[PROBLEM]
Extract the full listing below without altering a single character.

---------- RECORDS SUPPLIED ----------

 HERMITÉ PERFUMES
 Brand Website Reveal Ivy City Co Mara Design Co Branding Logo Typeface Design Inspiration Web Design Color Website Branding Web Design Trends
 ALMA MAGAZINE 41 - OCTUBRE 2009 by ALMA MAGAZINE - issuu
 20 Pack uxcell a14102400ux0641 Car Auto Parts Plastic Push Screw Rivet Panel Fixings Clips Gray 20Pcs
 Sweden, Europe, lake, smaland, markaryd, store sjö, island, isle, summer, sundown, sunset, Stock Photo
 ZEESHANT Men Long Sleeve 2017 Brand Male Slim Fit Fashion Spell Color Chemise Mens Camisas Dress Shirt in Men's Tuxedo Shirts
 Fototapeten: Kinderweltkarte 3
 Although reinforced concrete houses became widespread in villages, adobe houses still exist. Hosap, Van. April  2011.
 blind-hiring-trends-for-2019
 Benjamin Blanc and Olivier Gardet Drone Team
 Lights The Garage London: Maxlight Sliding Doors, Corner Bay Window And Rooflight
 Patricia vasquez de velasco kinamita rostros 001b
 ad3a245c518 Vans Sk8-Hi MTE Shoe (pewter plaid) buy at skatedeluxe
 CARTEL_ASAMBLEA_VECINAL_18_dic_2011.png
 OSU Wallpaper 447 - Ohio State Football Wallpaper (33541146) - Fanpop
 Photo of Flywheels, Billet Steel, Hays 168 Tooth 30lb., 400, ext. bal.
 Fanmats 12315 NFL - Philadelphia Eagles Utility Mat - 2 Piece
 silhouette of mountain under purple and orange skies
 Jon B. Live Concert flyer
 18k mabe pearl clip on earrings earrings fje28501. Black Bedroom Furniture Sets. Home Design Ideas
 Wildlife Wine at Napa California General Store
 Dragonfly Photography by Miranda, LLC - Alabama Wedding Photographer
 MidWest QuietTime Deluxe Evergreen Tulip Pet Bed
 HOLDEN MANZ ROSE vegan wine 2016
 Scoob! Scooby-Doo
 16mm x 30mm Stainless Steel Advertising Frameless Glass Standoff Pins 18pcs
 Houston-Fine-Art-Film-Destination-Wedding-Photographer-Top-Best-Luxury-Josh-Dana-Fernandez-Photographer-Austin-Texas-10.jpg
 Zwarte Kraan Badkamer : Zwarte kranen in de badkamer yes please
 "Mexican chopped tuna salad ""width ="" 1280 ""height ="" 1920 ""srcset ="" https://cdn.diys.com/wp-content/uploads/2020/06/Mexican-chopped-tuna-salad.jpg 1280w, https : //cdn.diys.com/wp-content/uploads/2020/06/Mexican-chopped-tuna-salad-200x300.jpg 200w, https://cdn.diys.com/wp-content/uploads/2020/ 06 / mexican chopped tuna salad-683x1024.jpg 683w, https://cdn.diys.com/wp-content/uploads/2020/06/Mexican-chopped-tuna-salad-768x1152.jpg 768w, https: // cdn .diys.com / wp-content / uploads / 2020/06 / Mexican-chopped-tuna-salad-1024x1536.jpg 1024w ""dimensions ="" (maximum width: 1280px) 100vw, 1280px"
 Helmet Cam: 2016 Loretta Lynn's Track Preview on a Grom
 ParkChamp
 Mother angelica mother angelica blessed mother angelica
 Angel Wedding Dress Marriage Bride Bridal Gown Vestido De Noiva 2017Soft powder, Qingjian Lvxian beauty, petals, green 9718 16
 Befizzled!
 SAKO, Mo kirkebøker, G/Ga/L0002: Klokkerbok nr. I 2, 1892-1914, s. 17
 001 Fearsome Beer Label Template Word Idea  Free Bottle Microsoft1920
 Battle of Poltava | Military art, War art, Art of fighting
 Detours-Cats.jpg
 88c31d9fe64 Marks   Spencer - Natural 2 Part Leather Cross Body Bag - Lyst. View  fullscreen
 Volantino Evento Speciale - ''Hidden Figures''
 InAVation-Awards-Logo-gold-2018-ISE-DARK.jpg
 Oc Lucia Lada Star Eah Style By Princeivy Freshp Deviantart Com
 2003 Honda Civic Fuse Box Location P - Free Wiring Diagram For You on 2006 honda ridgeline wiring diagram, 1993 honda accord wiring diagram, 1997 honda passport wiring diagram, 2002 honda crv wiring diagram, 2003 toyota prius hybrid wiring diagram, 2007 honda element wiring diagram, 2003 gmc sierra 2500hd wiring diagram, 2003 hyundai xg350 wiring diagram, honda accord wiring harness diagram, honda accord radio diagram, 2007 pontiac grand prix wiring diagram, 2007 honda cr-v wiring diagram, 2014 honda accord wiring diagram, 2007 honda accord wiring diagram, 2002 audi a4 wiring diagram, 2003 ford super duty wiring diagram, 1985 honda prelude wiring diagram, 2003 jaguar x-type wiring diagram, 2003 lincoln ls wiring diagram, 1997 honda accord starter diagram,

----------

[FINISHED EXERCISE]
 HERMITÉ PERFUMES
 Brand Website Reveal Ivy City Co Mara Design Co Branding Logo Typeface Design Inspiration Web Design Color Website Branding Web Design Trends
 ALMA MAGAZINE 41 - OCTUBRE 2009 by ALMA MAGAZINE - issuu
 20 Pack uxcell a14102400ux0641 Car Auto Parts Plastic Push Screw Rivet Panel Fixings Clips Gray 20Pcs
 Sweden, Europe, lake, smaland, markaryd, store sjö, island, isle, summer, sundown, sunset, Stock Photo
 ZEESHANT Men Long Sleeve 2017 Brand Male Slim Fit Fashion Spell Color Chemise Mens Camisas Dress Shirt in Men's Tuxedo Shirts
 Fototapeten: Kinderweltkarte 3
 Although reinforced concrete houses became widespread in villages, adobe houses still exist. Hosap, Van. April  2011.
 blind-hiring-trends-for-2019
 Benjamin Blanc and Olivier Gardet Drone Team
 Lights The Garage London: Maxlight Sliding Doors, Corner Bay Window And Rooflight
 Patricia vasquez de velasco kinamita rostros 001b
 ad3a245c518 Vans Sk8-Hi MTE Shoe (pewter plaid) buy at skatedeluxe
 CARTEL_ASAMBLEA_VECINAL_18_dic_2011.png
 OSU Wallpaper 447 - Ohio State Football Wallpaper (33541146) - Fanpop
 Photo of Flywheels, Billet Steel, Hays 168 Tooth 30lb., 400, ext. bal.
 Fanmats 12315 NFL - Philadelphia Eagles Utility Mat - 2 Piece
 silhouette of mountain under purple and orange skies
 Jon B. Live Concert flyer
 18k mabe pearl clip on earrings earrings fje28501. Black Bedroom Furniture Sets. Home Design Ideas
 Wildlife Wine at Napa California General Store
 Dragonfly Photography by Miranda, LLC - Alabama Wedding Photographer
 MidWest QuietTime Deluxe Evergreen Tulip Pet Bed
 HOLDEN MANZ ROSE vegan wine 2016
 Scoob! Scooby-Doo
 16mm x 30mm Stainless Steel Advertising Frameless Glass Standoff Pins 18pcs
 Houston-Fine-Art-Film-Destination-Wedding-Photographer-Top-Best-Luxury-Josh-Dana-Fernandez-Photographer-Austin-Texas-10.jpg
 Zwarte Kraan Badkamer : Zwarte kranen in de badkamer yes please
 "Mexican chopped tuna salad ""width ="" 1280 ""height ="" 1920 ""srcset ="" https://cdn.diys.com/wp-content/uploads/2020/06/Mexican-chopped-tuna-salad.jpg 1280w, https : //cdn.diys.com/wp-content/uploads/2020/06/Mexican-chopped-tuna-salad-200x300.jpg 200w, https://cdn.diys.com/wp-content/uploads/2020/ 06 / mexican chopped tuna salad-683x1024.jpg 683w, https://cdn.diys.com/wp-content/uploads/2020/06/Mexican-chopped-tuna-salad-768x1152.jpg 768w, https: // cdn .diys.com / wp-content / uploads / 2020/06 / Mexican-chopped-tuna-salad-1024x1536.jpg 1024w ""dimensions ="" (maximum width: 1280px) 100vw, 1280px"
 Helmet Cam: 2016 Loretta Lynn's Track Preview on a Grom
 ParkChamp
 Mother angelica mother angelica blessed mother angelica
 Angel Wedding Dress Marriage Bride Bridal Gown Vestido De Noiva 2017Soft powder, Qingjian Lvxian beauty, petals, green 9718 16
 Befizzled!
 SAKO, Mo kirkebøker, G/Ga/L0002: Klokkerbok nr. I 2, 1892-1914, s. 17
 001 Fearsome Beer Label Template Word Idea  Free Bottle Microsoft1920
 Battle of Poltava | Military art, War art, Art of fighting
 Detours-Cats.jpg
 88c31d9fe64 Marks   Spencer - Natural 2 Part Leather Cross Body Bag - Lyst. View  fullscreen
 Volantino Evento Speciale - ''Hidden Figures''
 InAVation-Awards-Logo-gold-2018-ISE-DARK.jpg
 Oc Lucia Lada Star Eah Style By Princeivy Freshp Deviantart Com
 2003 Honda Civic Fuse Box Location P - Free Wiring Diagram For You on 2006 honda ridgeline wiring diagram, 1993 honda accord wiring diagram, 1997 honda passport wiring diagram, 2002 honda crv wiring diagram, 2003 toyota prius hybrid wiring diagram, 2007 honda element wiring diagram, 2003 gmc sierra 2500hd wiring diagram, 2003 hyundai xg350 wiring diagram, honda accord wiring harness diagram, honda accord radio diagram, 2007 pontiac grand prix wiring diagram, 2007 honda cr-v wiring diagram, 2014 honda accord wiring diagram, 2007 honda accord wiring diagram, 2002 audi a4 wiring diagram, 2003 ford super duty wiring diagram, 1985 honda prelude wiring diagram, 2003 jaguar x-type wiring diagram, 2003 lincoln ls wiring diagram, 1997 honda accord starter diagram,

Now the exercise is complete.